Geron Secures Up to $375 Million from Royalty Pharma and Pharmakon Advisors

15 November 2024
Geron Corporation, a commercial-stage biopharmaceutical company headquartered in Foster City, California, has secured up to $375 million in synthetic royalty and debt financings. These financings are with Royalty Pharma and investment funds managed by Pharmakon Advisors, LP. At the initial closing, $250 million in cash was provided, with an additional $125 million in debt available for future use. The financial transactions consist of a $125 million synthetic royalty with Royalty Pharma and $250 million in senior secured debt managed by Pharmakon Advisors.

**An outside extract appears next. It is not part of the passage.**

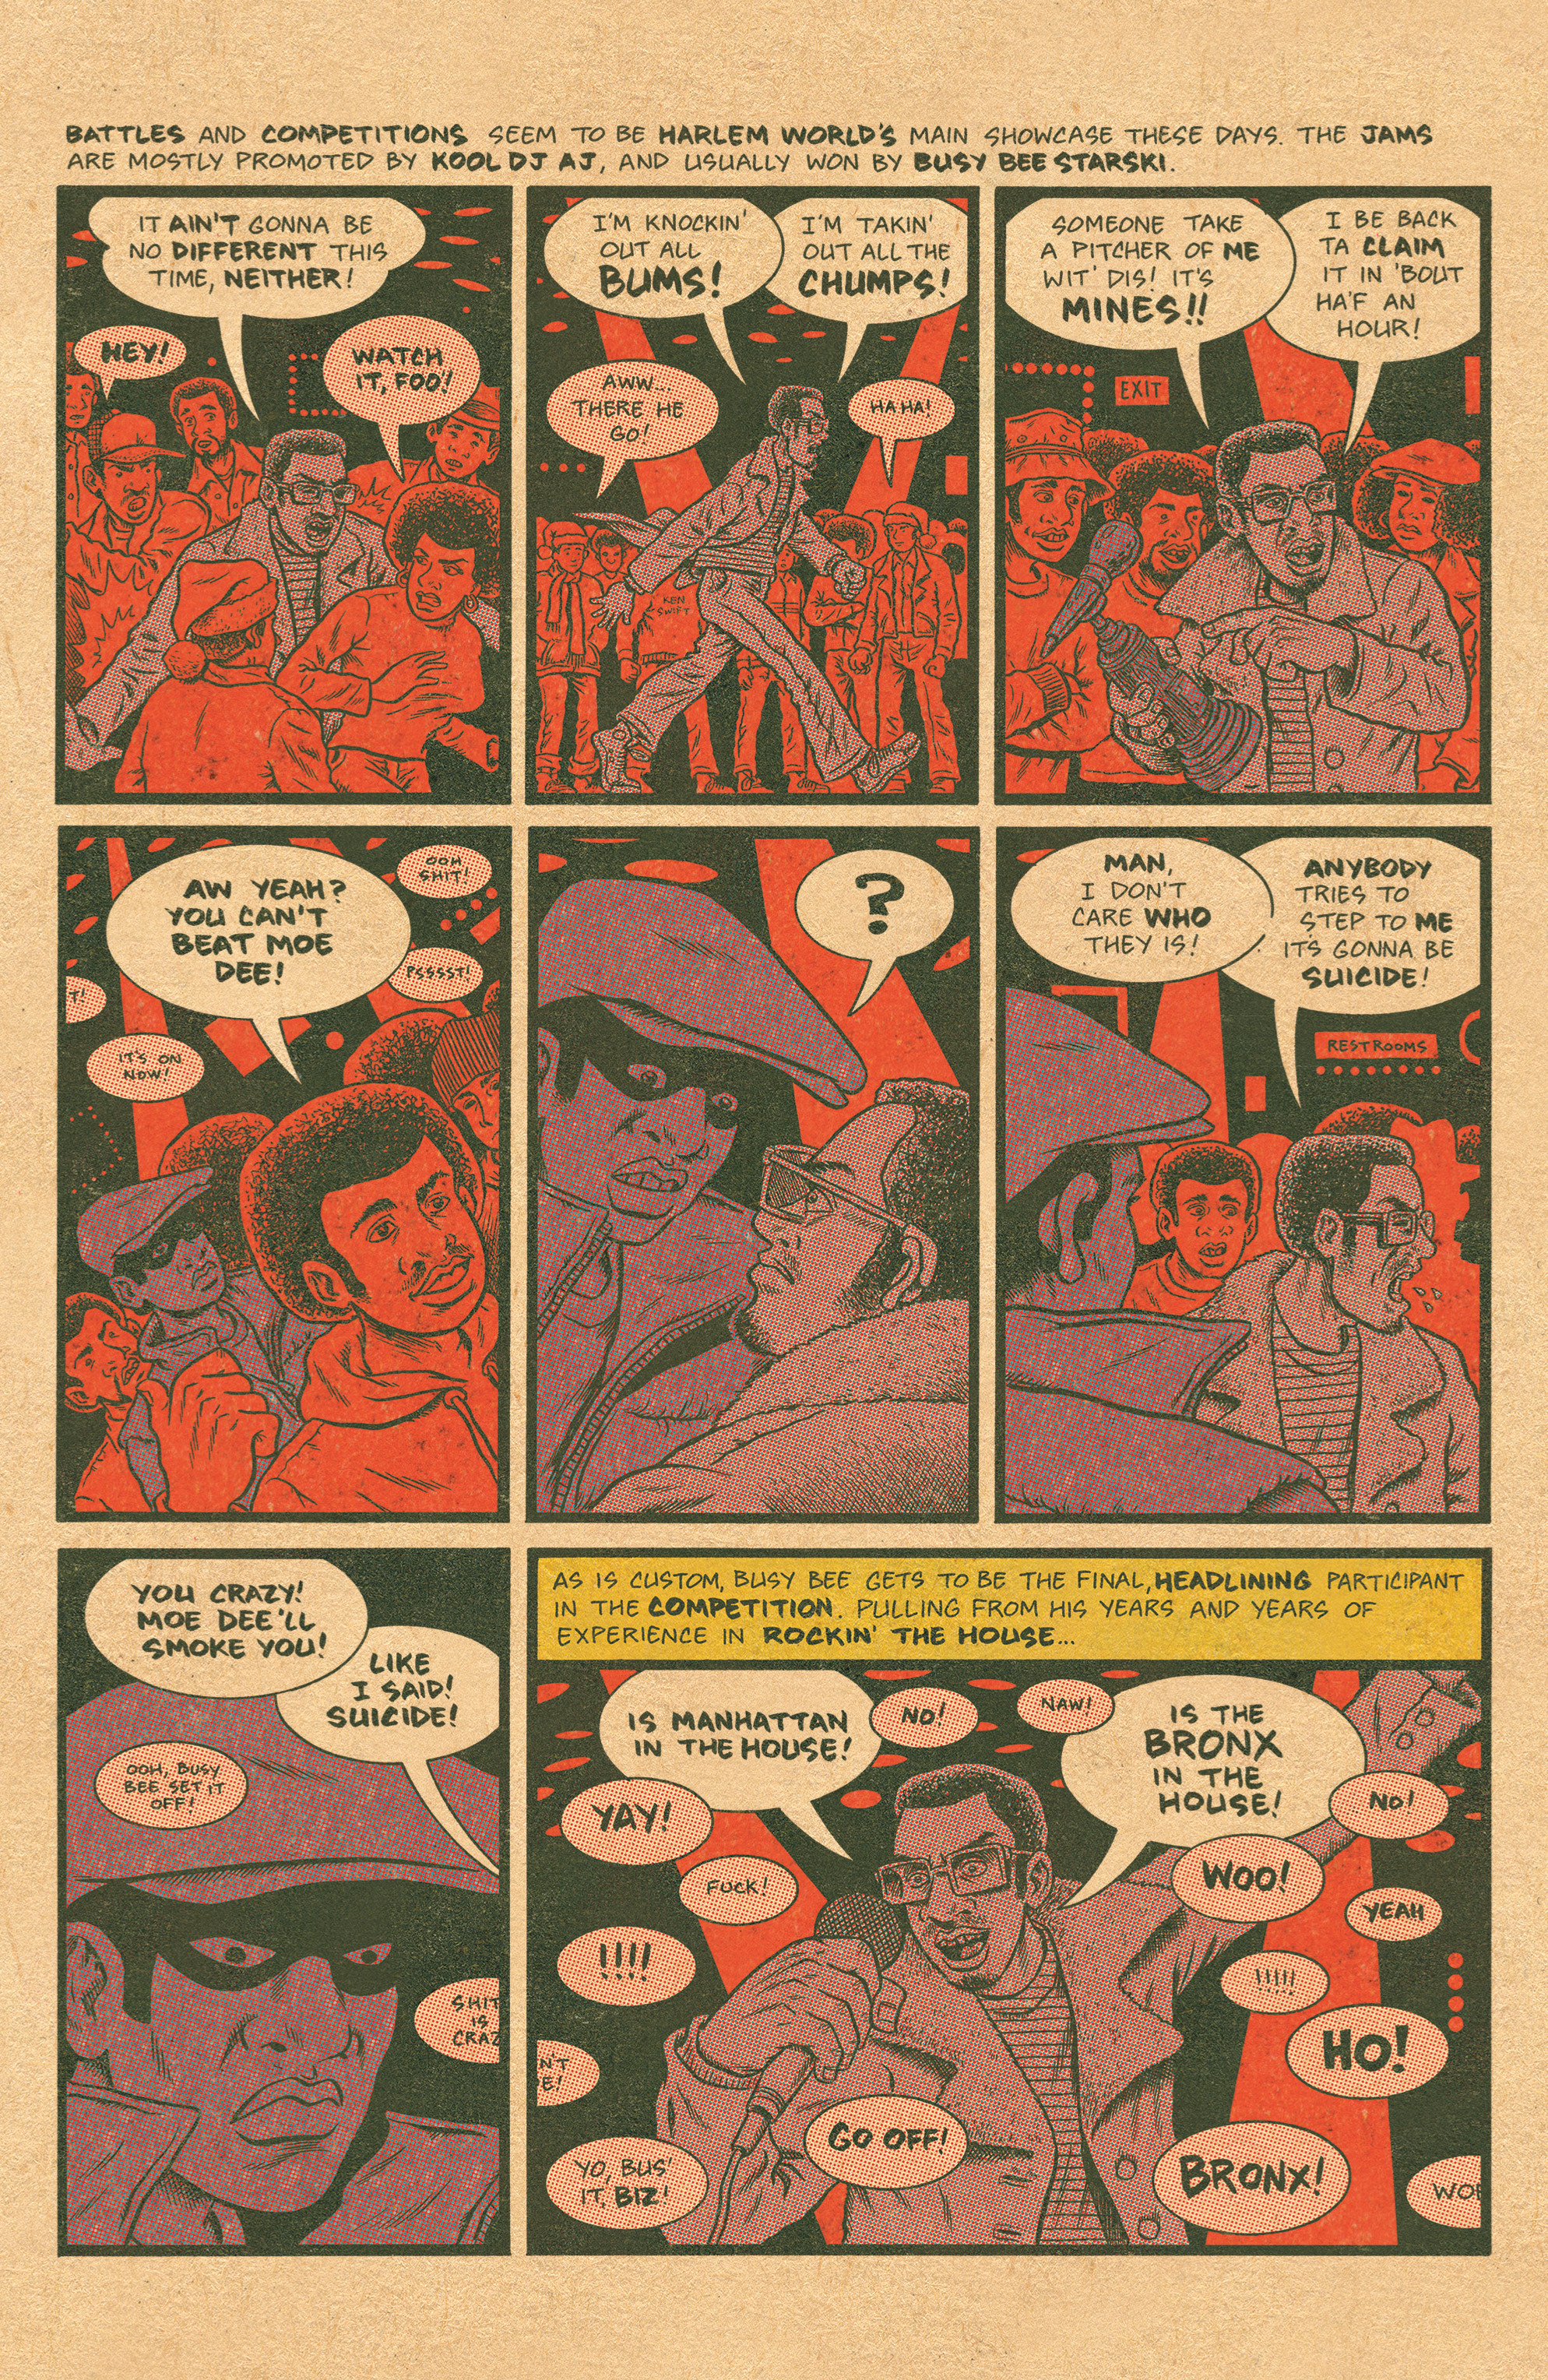 Read online Free Comic Book Day 2015 comic -  Issue # Hip Hop Family Tree Three-in-One - Featuring Cosplayers - 5

According to Michelle Robertson, Geron's Executive Vice President and Chief Financial Officer, the significant financial backing from Royalty Pharma and Pharmakon Advisors enhances the company's cash position, solidifies its balance sheet, and grants flexibility to invest in future endeavors. The funds will support the U.S. commercial launch of their drug RYTELO and its potential launch in the European Union. Additionally, the proceeds will be used to complete Phase 3 of the IMpactMF trial for relapsed/refractory myelofibrosis, invest in supply chain redundancy for RYTELO, and meet other general working capital needs.

Royalty Pharma contributed $125 million at closing and will receive tiered royalty payments from U.S. sales of RYTELO. These royalties range from 7.75% of annual net sales up to $500 million, 3.0% of annual net sales between $500 million and $1 billion, and 1.0% of annual net sales exceeding $1 billion. Payments to Royalty Pharma will cease if the aggregate royalties payable through June 30, 2031, reach a multiple of 1.65 times their investment, otherwise, until they receive a multiple of 2.0 times their investment, there will be no additional royalties. RYTELO, developed internally and exclusively owned by Geron, is a first-in-class telomerase inhibitor.

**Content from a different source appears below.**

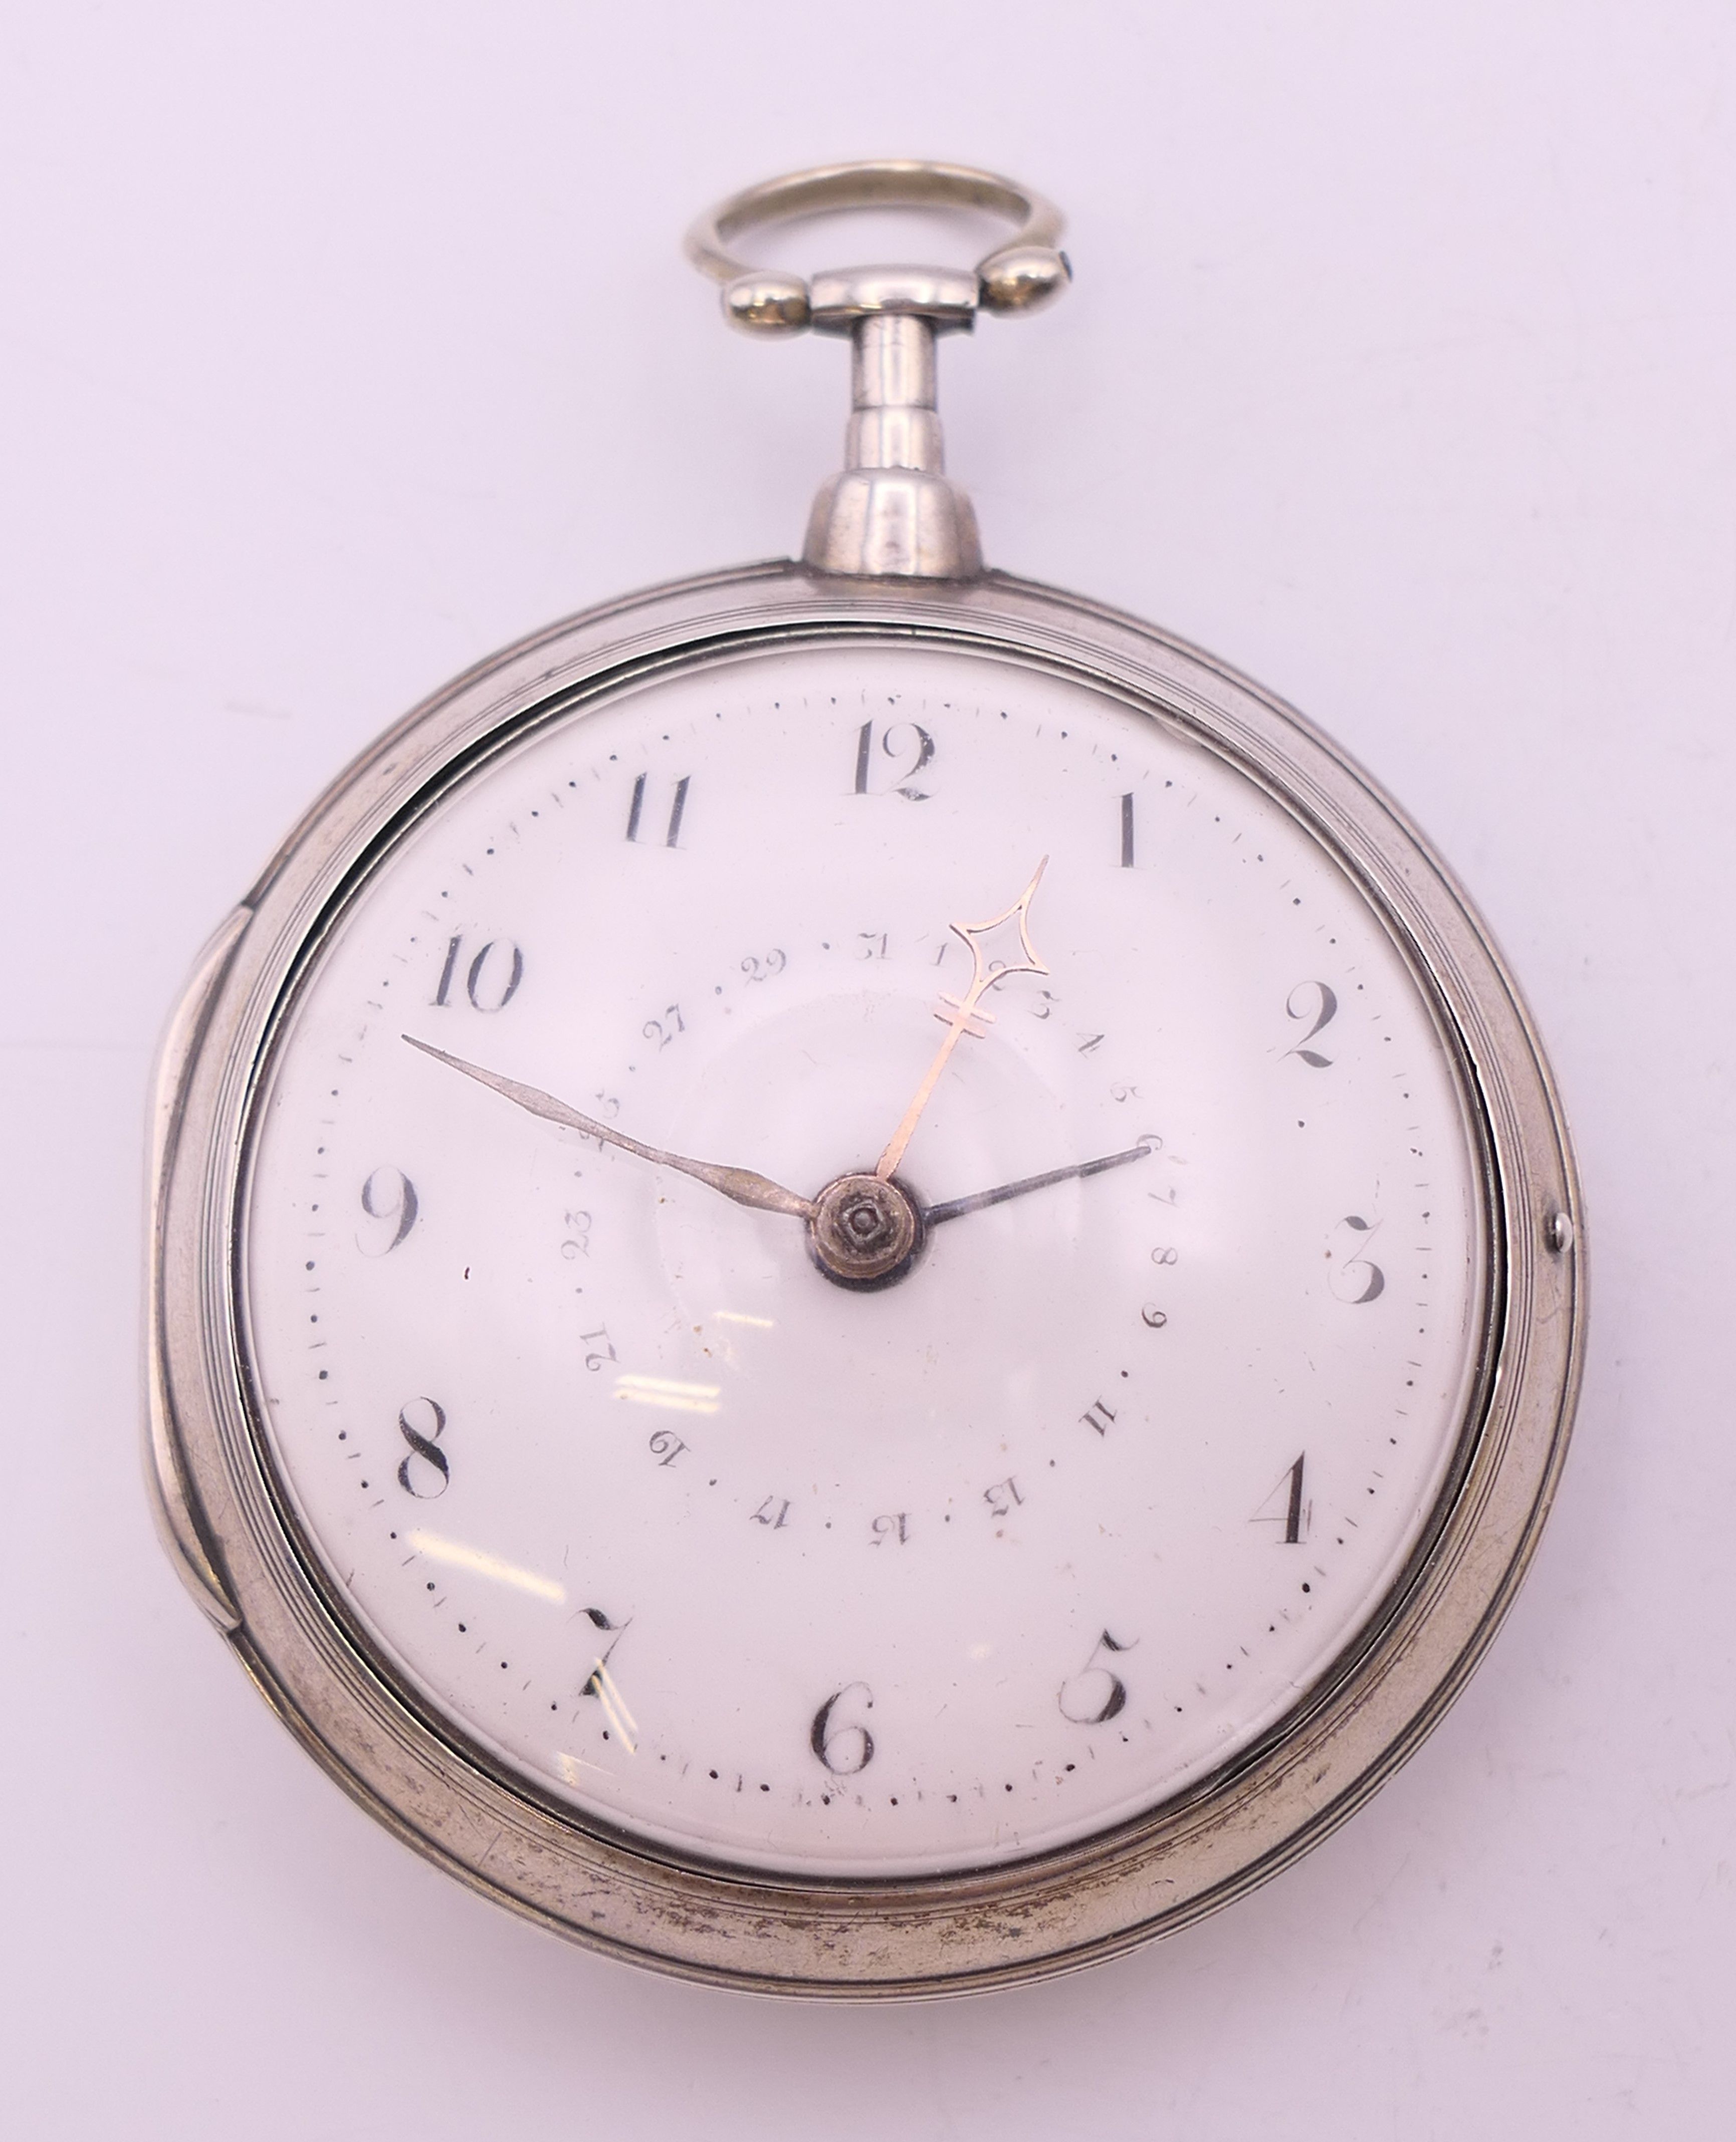 A Jacob Sumpter Dook silver pair cased pocket watch, the movement with engraved Masonic emblem. 5.

Pablo Legorreta, founder and CEO of Royalty Pharma, expressed enthusiasm for the partnership with Geron, noting the significant commercial and development opportunities ahead for RYTELO, particularly for lower-risk myelodysplastic syndrome (MDS) patients who have limited treatment options.

Investment funds managed by Pharmakon Advisors have committed to a five-year, senior secured term loan of up to $250 million. An initial tranche of $125 million has been drawn at closing, with part of these proceeds used to repay $86.5 million owed under the company's existing loan with Hercules Capital, Inc. and Silicon Valley Bank, which has now been terminated. Geron has the option to draw a second tranche of $75 million, subject to certain conditions, and a third tranche of $50 million upon reaching a specified RYTELO revenue milestone, both available until December 31, 2025. The loan facility contains no scheduled amortization payments, with all outstanding principal due at maturity in 2029, and no financial covenants. The loans bear interest at a variable rate equal to 5.75% plus the three-month Secured Overnight Financing Rate (SOFR), with a SOFR floor of 3.00%.

Pedro Gonzalez de Cosio, CEO of Pharmakon Advisors, praised the Geron team for their commercial success in the U.S. with RYTELO and expressed eagerness to support the company's potential launch in the EU and further development of the drug for additional hematologic malignancies.

Financial and legal advisory services for Geron were provided by TD Cowen and Cooley LLP, respectively. Royalty Pharma received legal advice from Goodwin Procter and Fenwick & West LLP, while Akin Gump LLP served as the legal advisor to Pharmakon Advisors.

Geron Corporation is dedicated to transforming the treatment of blood cancer with their pioneering telomerase inhibitor, RYTELO, which is approved in the United States for treating certain adult patients with lower-risk myelodysplastic syndromes (LR-MDS) with transfusion-dependent anemia. Additionally, Geron is conducting a pivotal Phase 3 clinical trial of imetelstat for JAK-inhibitor relapsed/refractory myelofibrosis (R/R MF) and exploring other myeloid hematologic malignancies. The goal is to inhibit telomerase activity, which is elevated in malignant stem and progenitor cells in the bone marrow, thereby aiming to reduce proliferation and induce the death of malignant cells.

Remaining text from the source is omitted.